Richard Armitage, człowiek, który w tym roku dał się poznać jako krasnolud Thorin Oakenshield w "Hobbicie", pochodzi z Wielkiej Brytanii. Urodził się 22 sierpnia 1971, w Leicester, w mało aktorskiej rodzinie - jego ojciec, John, to inżynier, a matka Margaret sekretarka. Początkowo Richarda ciągnęło do muzyki - czy to gry na instrumentach, czy to tańca. W pierwszych latach edukacja przyszłego aktora była sprofilowana właśnie pod te umiejętności (choć pewne elementy gry aktorskiej też się pojawiały). W roku 1988, w wieku 17 lat, przez sześć tygodni występował razem z pewnym cyrkiem w… Budapeszcie. Po tym okresie wrócił do Wielkiej Brytanii, gdzie załapał się do kilku musicali. Jednak muzyczna "wersja" jego kariery coraz mniej mu odpowiadała. Mając 21 lat postanowił coś zmienić w życiu i skupić się grze aktorskiej. Dlatego zapisał się na trzyletnią naukę w London Academy of Music and Dramatic Art, która otworzyła mu drogę do świata teatru.
Rozpoczął, jak przystało na szanującego się aktora, od ról Szekspirowski.
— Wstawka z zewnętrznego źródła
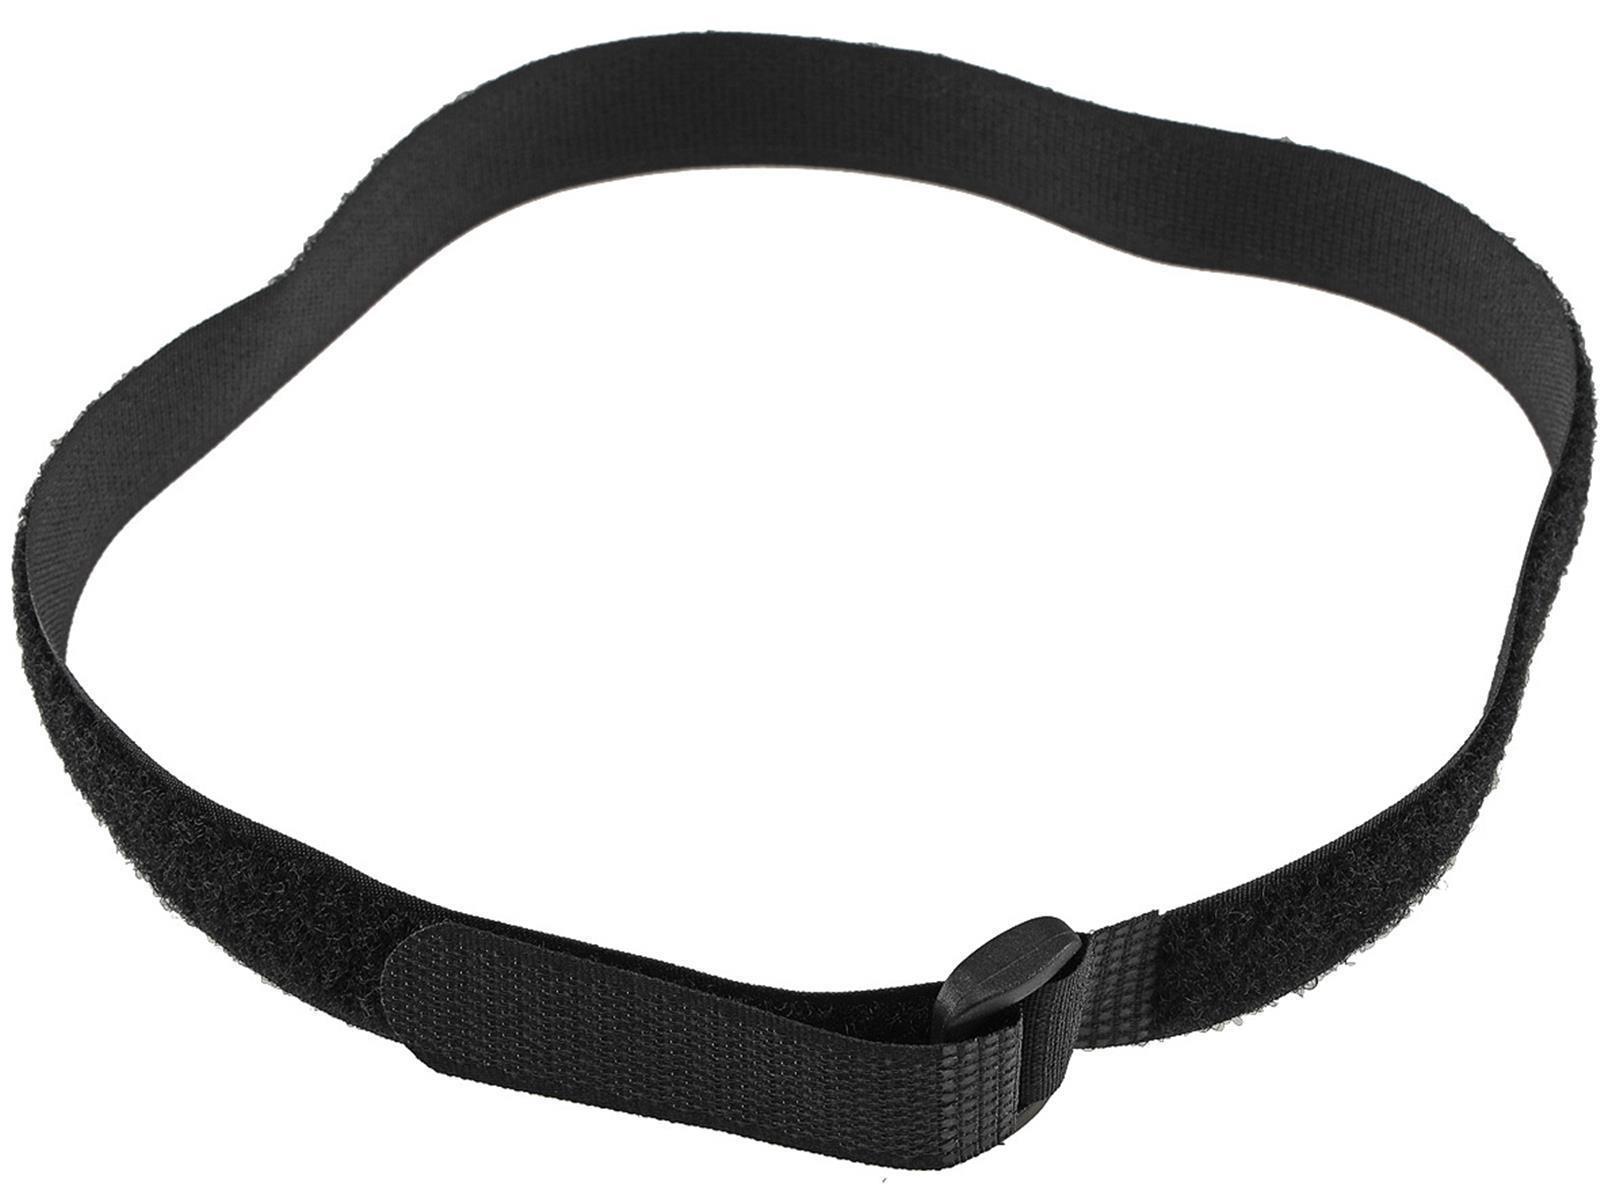 Klettband mit Öse, 5er Pack50x2cm, schwarz
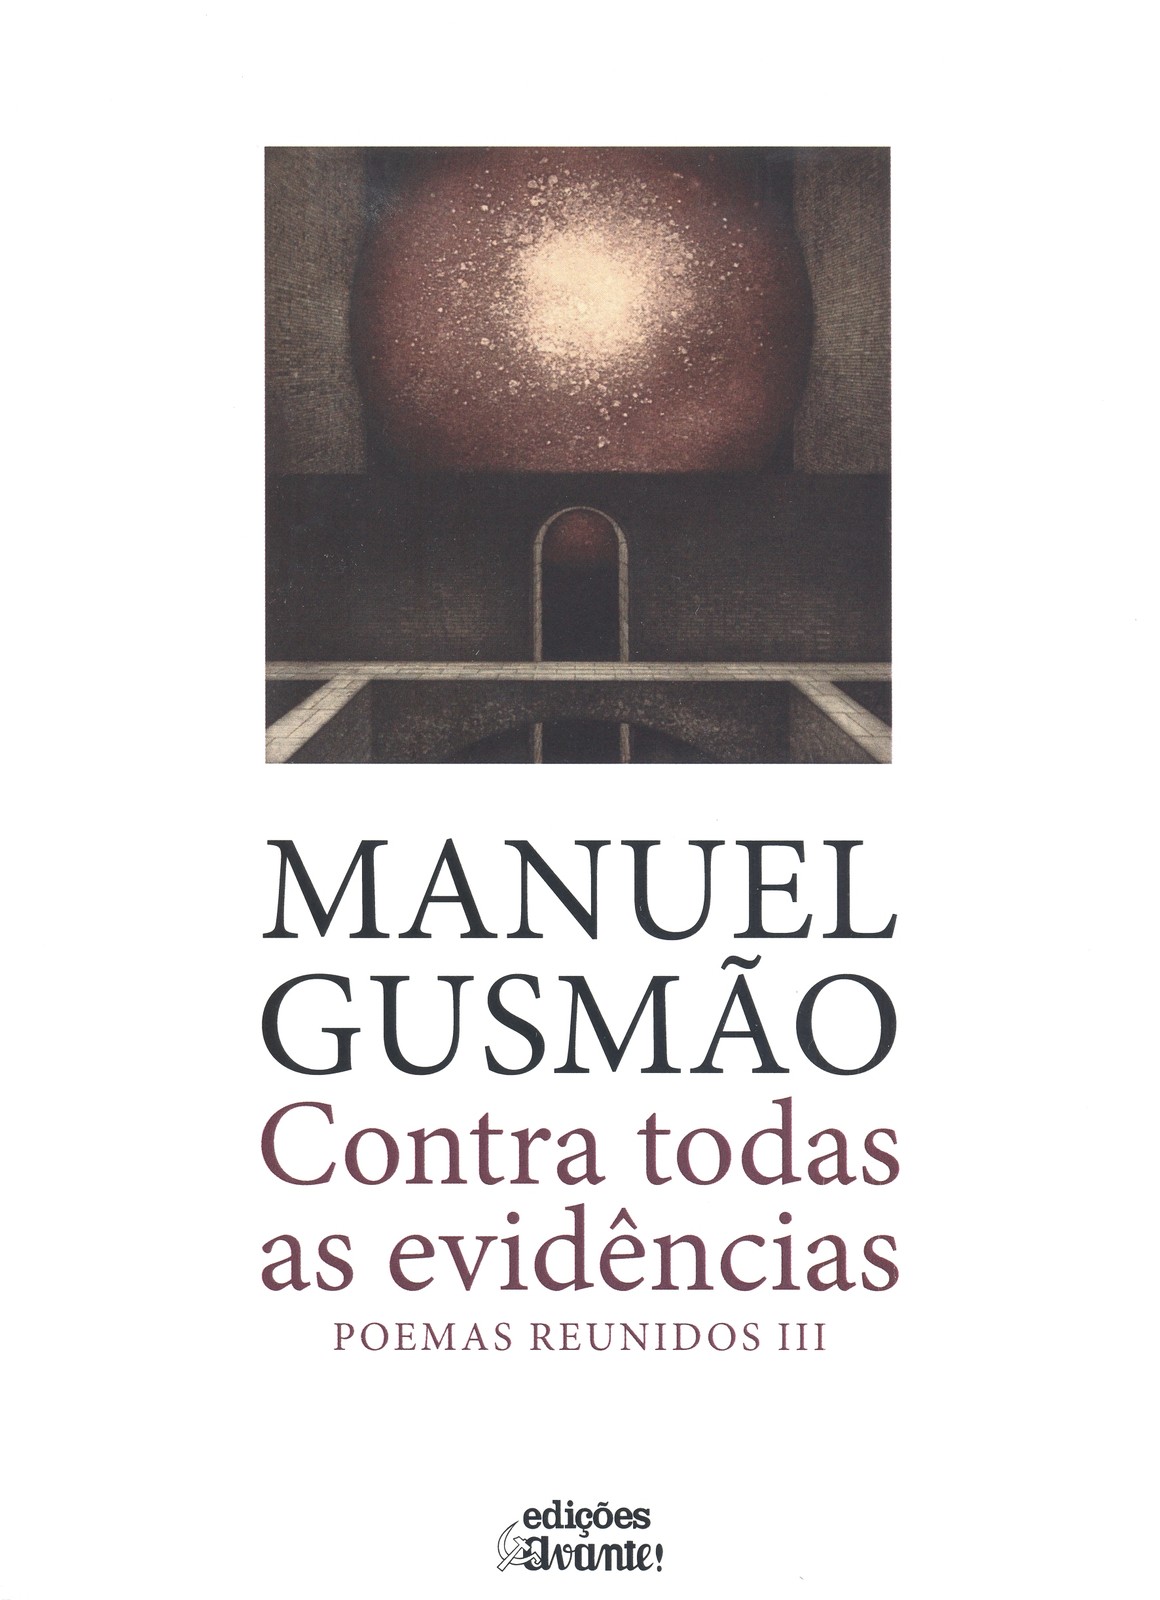 Manuel Gusmão - Contra Todas as Evidências, Poemas Reunidos III

Szybko jednak zauważył, że nie samym teatrem aktor żyje i zaczął szukać możliwości pokazania się przed kamerą. Pierwszą drobną rólkę na małym ekranie dostał już w 1995, jednak o prawdziwym starcie przed kamerą można mówić od 1999 roku. Wtedy pojawił się w jednym filmie telewizyjnym i dwóch kinowych (jednym z nich były same… "Gwiezdny Wojny: Część I" - co prawda jego rola była nie wymieniona w napisach, ale to zawsze coś). Równolegle ciągle grał w teatrze.
Na początku XXI wieku to telewizja zdominowała karierę Armitage'a. Pojawił się, gościnnie, w dwóch serialach oraz filmie telewizyjnym. Rok później, w 2002, dostał większą rolę (Johna Standringa) w filmie stacji BBC "Sparkhouse".W 2003 zaś znów pojawiał się w serialach (jak choćby w Cold Feet). A w 2004 w końcu otrzymał pierwszą główną rolę - Johna Thorntona w miniserii "North and South". Była to taka rola, która idealnie pasowała Armitage'owi: złożona postać, rozdarta pomiędzy dobro i zło. W 2005 powrócił na ekrany kin z rolą w filmie "Frozen". Ciągle występował w różnych, brytyjskich serialach.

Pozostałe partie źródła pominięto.